== Work to be completed ==
An exact copy of all the data is needed, with every picture left out.

== Data below ==

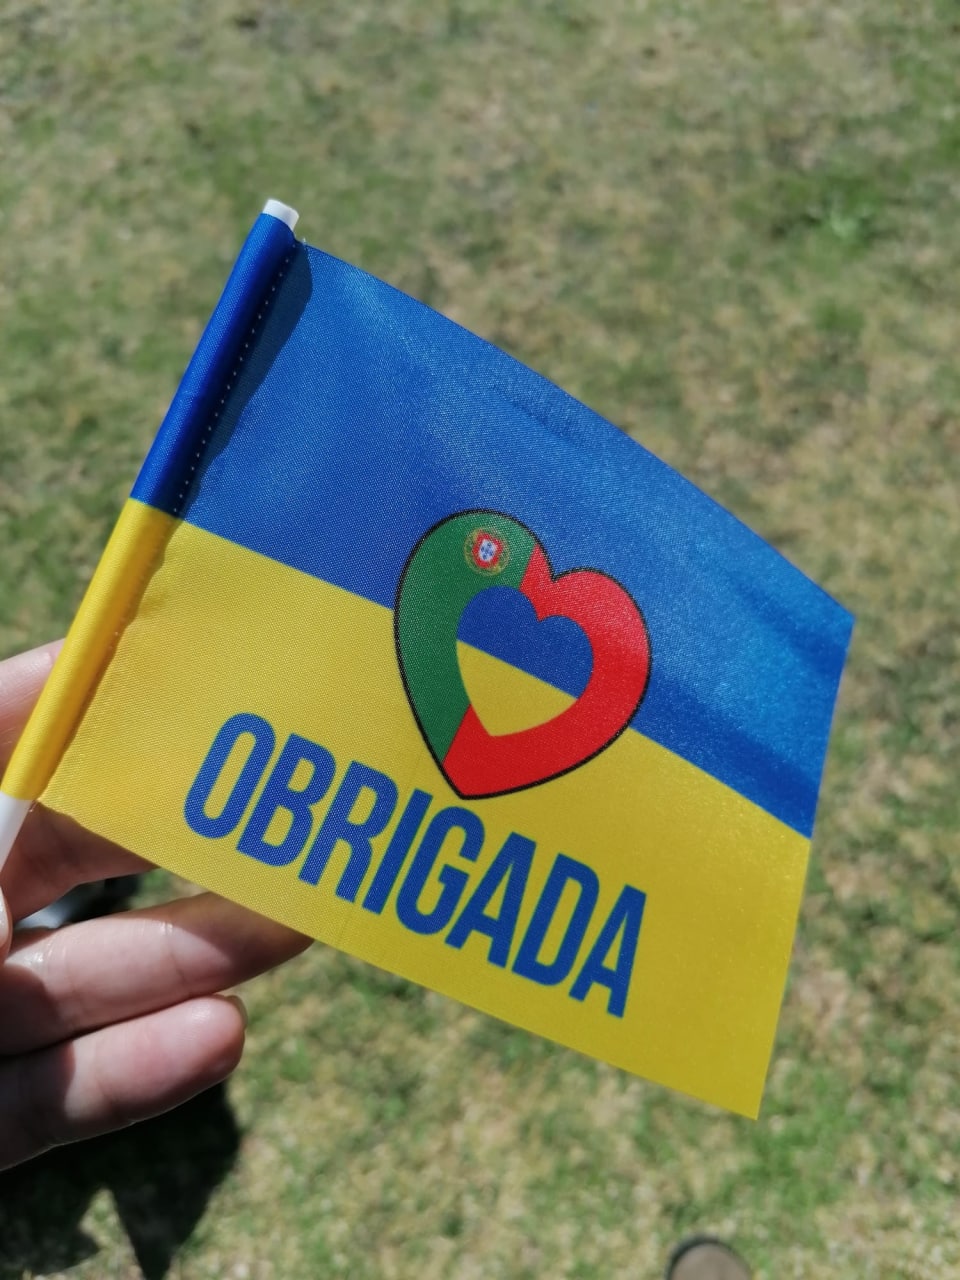 Українці дякують португальцям синьо-жовтими прапорцями із серцем у кольорах португальського прапора та словом 
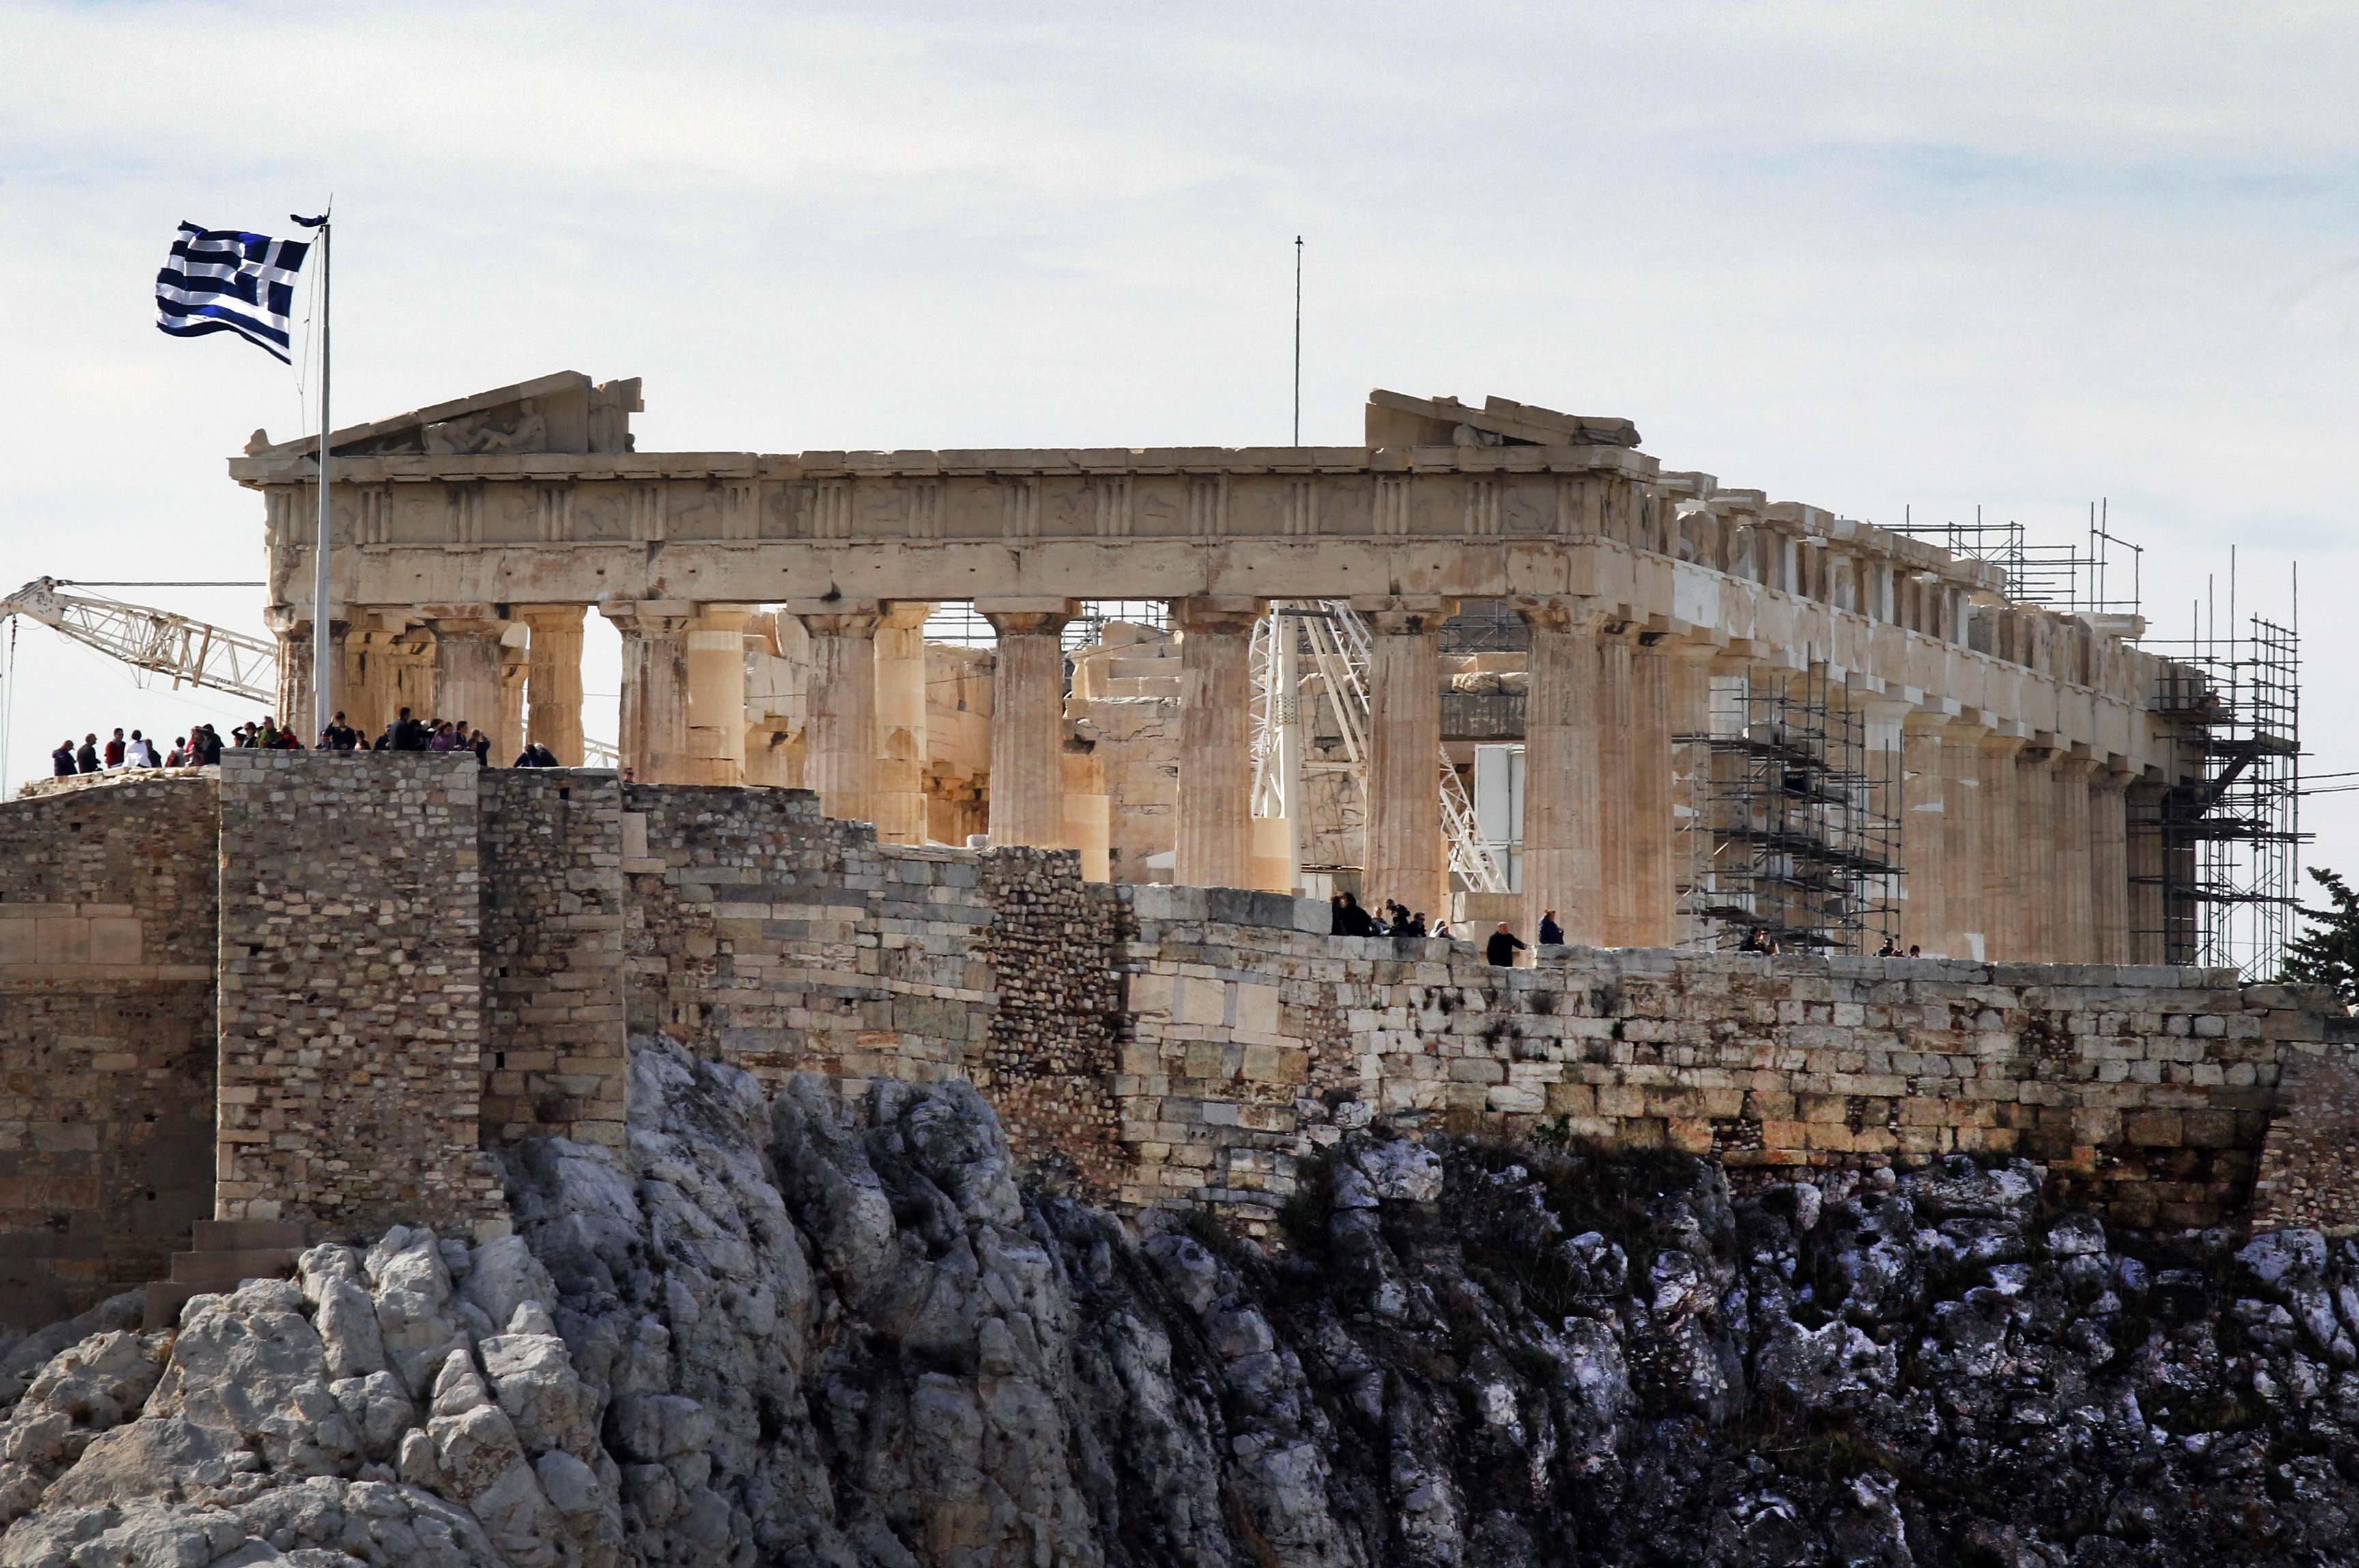 “Η Ελλάδα είναι μικρότερο πρόβλημα για την Ευρωζώνη από ό,τι η Ισπανία και η Ιταλία”
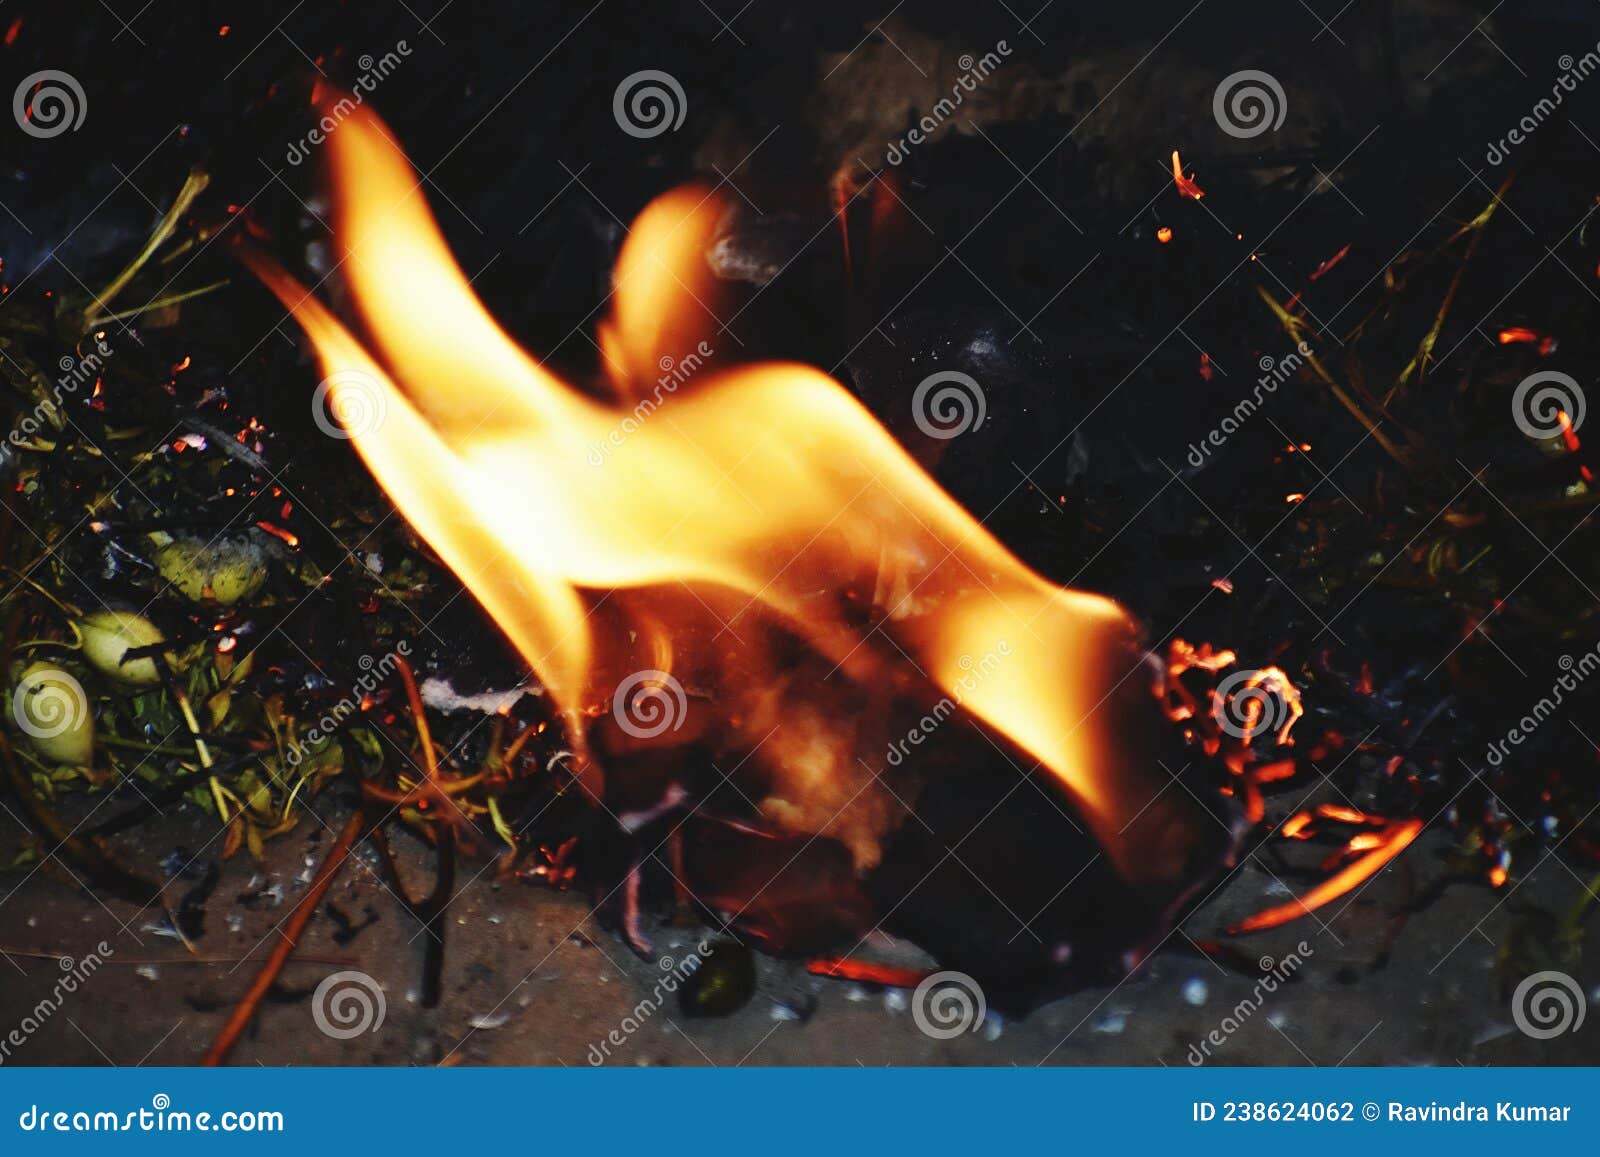 Vuur is Een Chemische Reactie Die Licht En Warmte Afgeeft. Stock Foto ...

== Task result ==
 Українці дякують португальцям синьо-жовтими прапорцями із серцем у кольорах португальського прапора та словом 
 “Η Ελλάδα είναι μικρότερο πρόβλημα για την Ευρωζώνη από ό,τι η Ισπανία και η Ιταλία”
 Vuur is Een Chemische Reactie Die Licht En Warmte Afgeeft. Stock Foto ...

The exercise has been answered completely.